Return to Archive -by date - by topic - 2000
For those who need to justify railway privatisation, rather than, as we do, regarding it as just another of those things like the black death the seven plagues of Egypty, great solace can be found in the chart of Passenger's Charter punctuality published in the excellent ATOC Bulletin. The chart helpfully covers the years from 1994/95, when Railtrack became a separate entity,to the present day.
For the first two years, Railtrack was the infrastructure operator and British Rail ran the trains. Charter punctuality fluctuated around the 90% mark. Then in the summer of 1996 it began to climb, reaching a peak of 92.78% a year later.
So there you are then. The privatised railway offers a better service than BR.
But it pays to remember what was happening in the two years before the improvement started. Pretty well every one of the top two or three hundred managers in BR had several jobs. Their bit of BR had to be turned into a self contained business for sale, with new organisations to be created. Then data rooms had to be filled with financial and other information for use by prospective buyers. Any manager worth his salt was also likely to be mounting a management buy out. And, oh yes, there was also a railway to be run.

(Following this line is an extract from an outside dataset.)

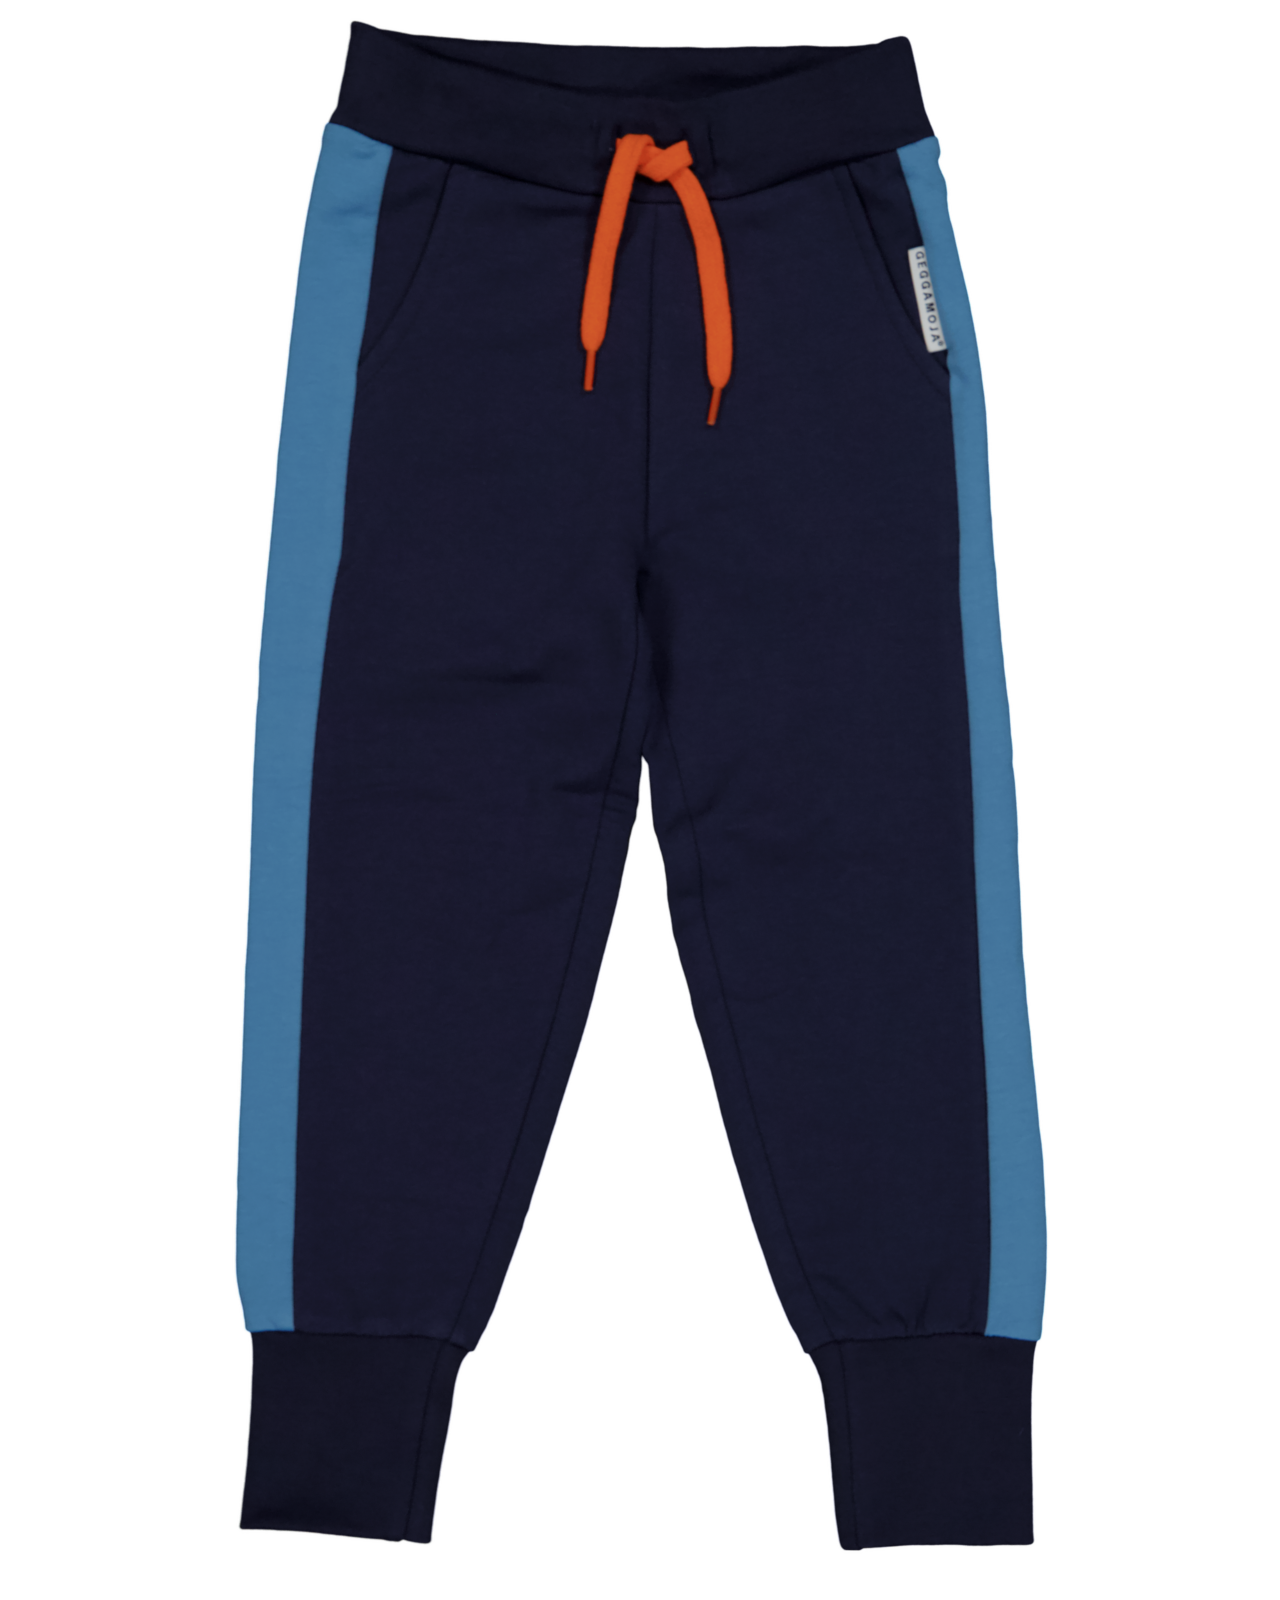 College pants Navy 122/128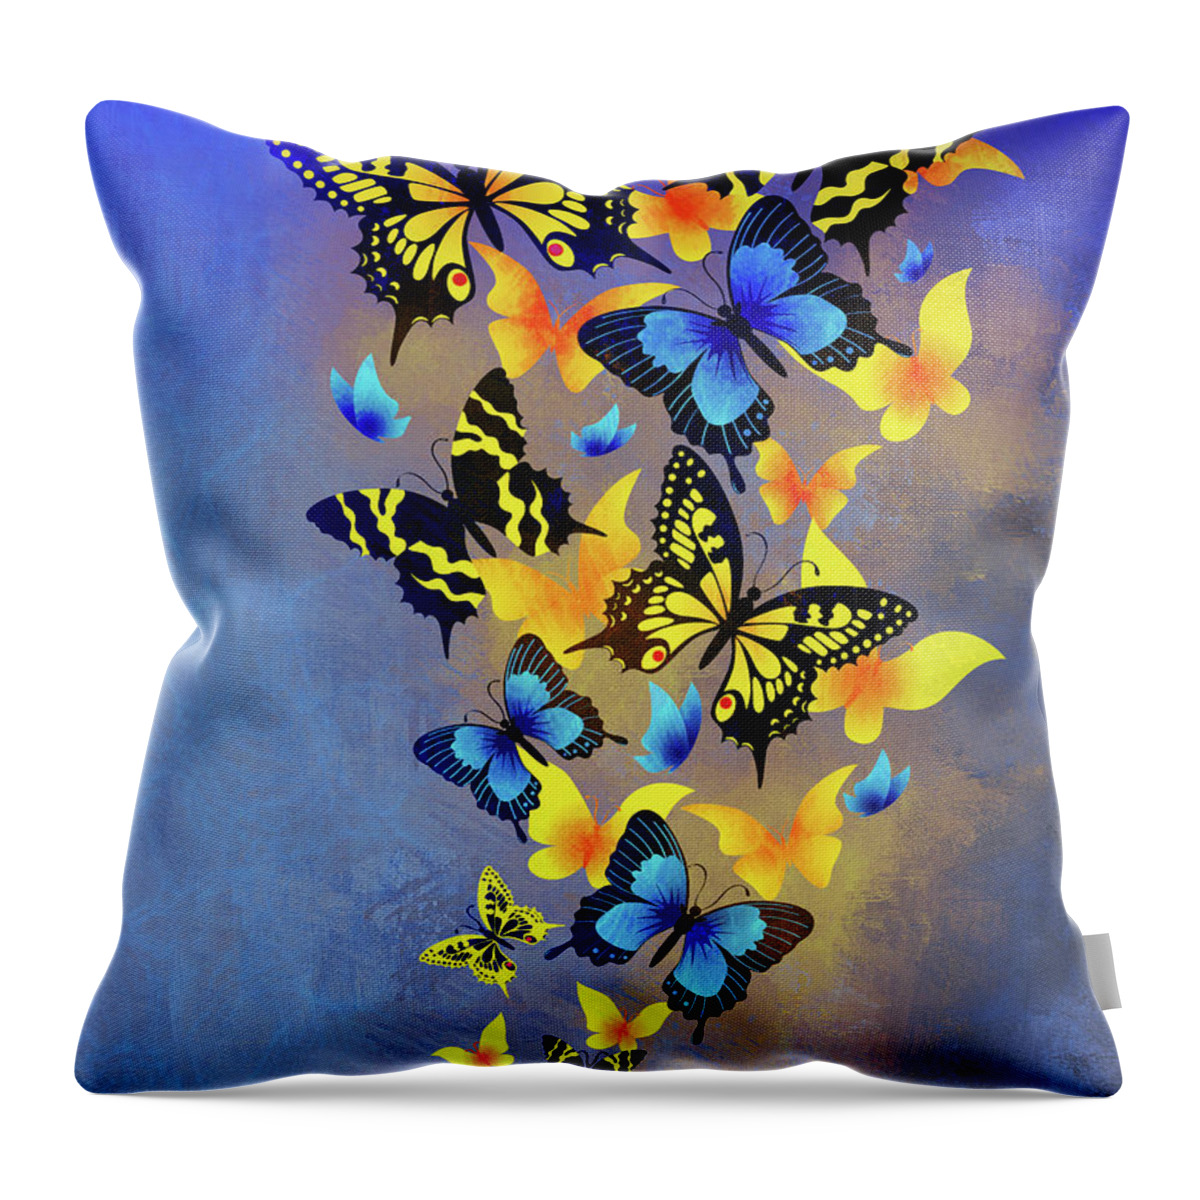 Heavenly Butterflies Throw Pillow featuring the mixed media Heavenly Butterflies Contemporary Art by Georgiana Romanovna

Amazing then that performance during this howling chaos was not worse. And understandable the strong recovery when some form of stability was restored.
Throughout 1996 and into 1997, the passenger franchises were being let and the freight companies sold. The infrastructure maintenance and renewals companies and the signalling offices were being sold, as were the ROSCOs and TESCOs.
Not surprising then that in 1996 the industry let out a collective sigh of relief and got back to the reason why most managers had joined the business - to run the railway. As a microcosm of the industry we serve, that was certainly our experience. We started writing about service improvement plans, new train procurement and all the other staples of this magazine.
But it is no accident that the peak on the ATOC chart coincides with the 1997 General Election. Or that the decline has acceperated during the first six periods of 2000/01.
Wherever you look, the industry is massively distracted from its primary task. Railtrack and the Regulator are engaged in Verdun like battles of attrition over the Periodic Review of Track Access Charges, the West Coast Route Modernisation and performance. Countless specialists are producing endless schedules and draft timetables and checking each other's work.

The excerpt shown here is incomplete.